Whether any of these factors apply to you is something to consider, but please be assured, cold hands and toes do not affect your overall health.

My 90 year old mom has been on low dose antibiotics (125mg cephalexin) daily for about 2 years to prevent persistent urinary tract infections (UTIs) caused by a permanent catheter. The treatment has worked, and she is infection-free, but I worry about the long-term side effects.

Name and address provided.

Balancing the potential risks of long-term antibiotic treatment with the need to prevent recurrent UTIs can be a challenge.

When a permanent catheter is in place – after surgery in your mother’s case or because of incontinence for example, as you mentioned in your long post – urinary tract infections are an almost inevitable complication.

Bacteria usually colonize the tube that drains urine from the bladder, and these bacteria may travel to the kidneys, causing infection, and can lead to sepsis (a fatal blood infection that can travel around the body).

This is not a simple infection, which makes it a potential danger that should focus our thinking. The use of catheters – especially permanent or indwelling catheters – is the number one cause of UTIs. But studies comparing daily use of low-dose prophylactic antibiotics with treating infections as they arrive found no difference between the two approaches in terms of preventing complications such as sepsis.

As a result, the National Institute for Health and Care Excellence (NICE) recommendation is that routine prophylaxis in the form of low-dose antibiotics such as the one your mother would receive is no longer recommended. This also takes into account the risk of antibiotic resistance.
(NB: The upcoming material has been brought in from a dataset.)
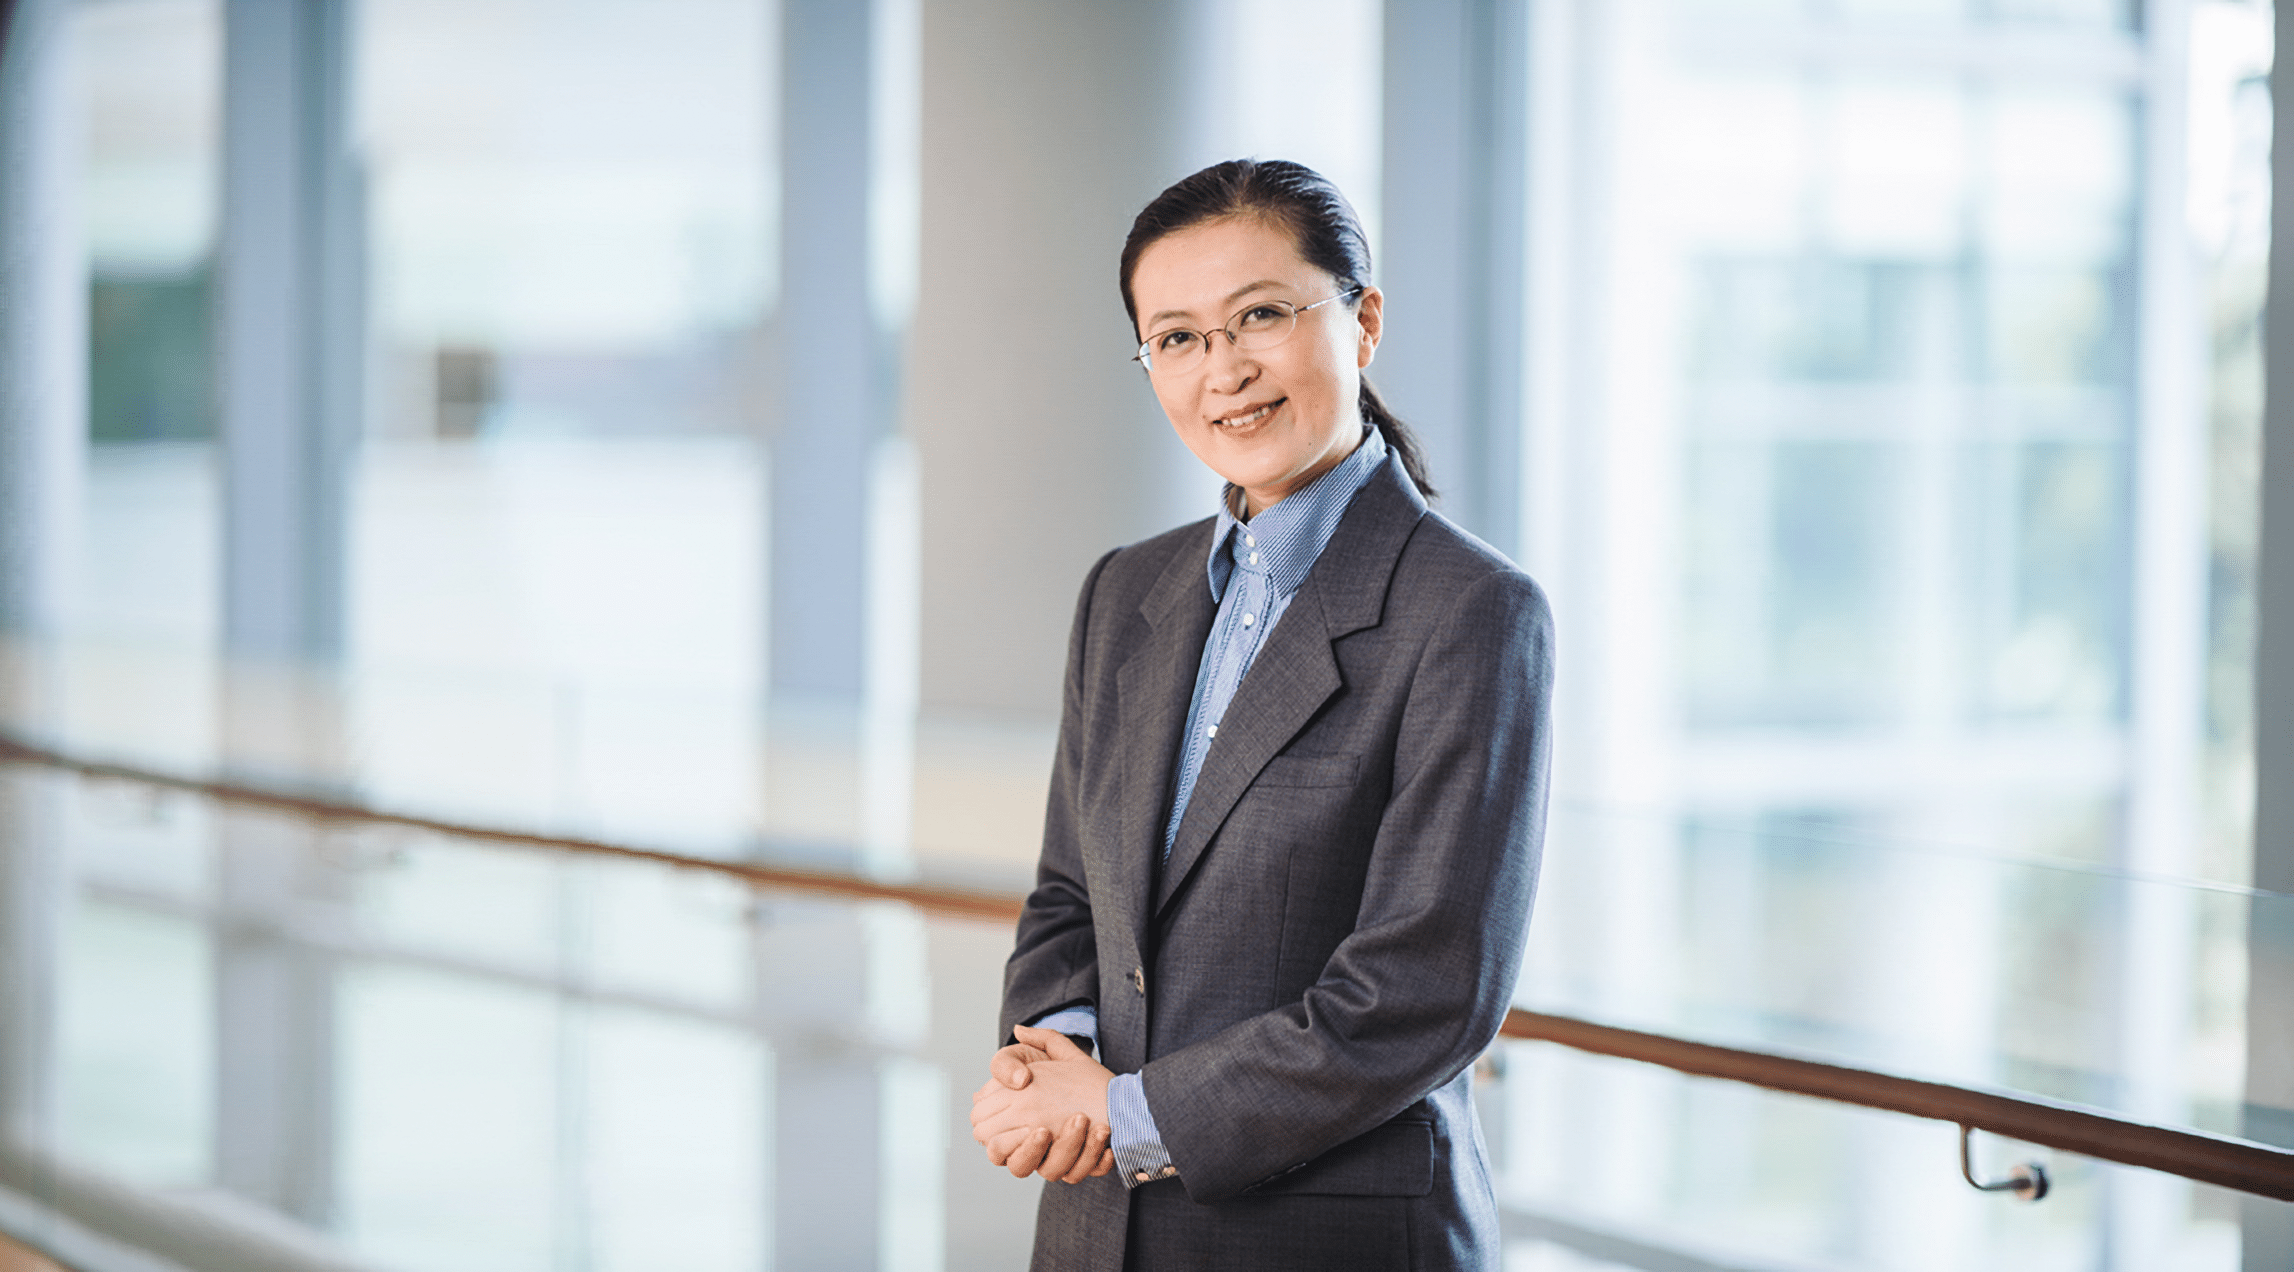 Prof Liu Bin, who joined NUS in 2005, is a leader in the field of organic functional materials.

Instead, the recommendation is to seek medical advice if symptoms of a UTI appear (bladder pain or a high temperature, for example).

Although, given that your mother has felt fine for the past two years, without UTIs, on the small preventive dose of cephalexin, in my opinion, there is no reason for your mother to stop it for the time being.

In your longer post you said that she has persistent stomach pains, which you are concerned may be caused by the antibiotics. However, I doubt it – the most likely side effect of long-term antibiotic use is diarrhea.

She suggests giving her a daily probiotic, a form of beneficial bacteria, to ensure the antibiotic doesn’t cause undue disruption to her microbiome, the community of gut microbes associated with many elements of health.

I think this makes sense, and I also suggest adding prebiotic — a fiber found in many foods like oats, grains, leafy greens, and fruits that feeds the friendly bacteria in the gut.

You may already be incorporating these foods into your mom’s diet, but if you haven’t, it’s definitely worth doing.

Write to Dr. Score

Write to Dr Score at Good Health, Daily Mail, 9 Derry Street, London W8 5HY or email: [email protected] – include contact details.

Dr. Score cannot engage in personal correspondence. Responses should be taken in a general context. Consult your physician regarding any health concerns.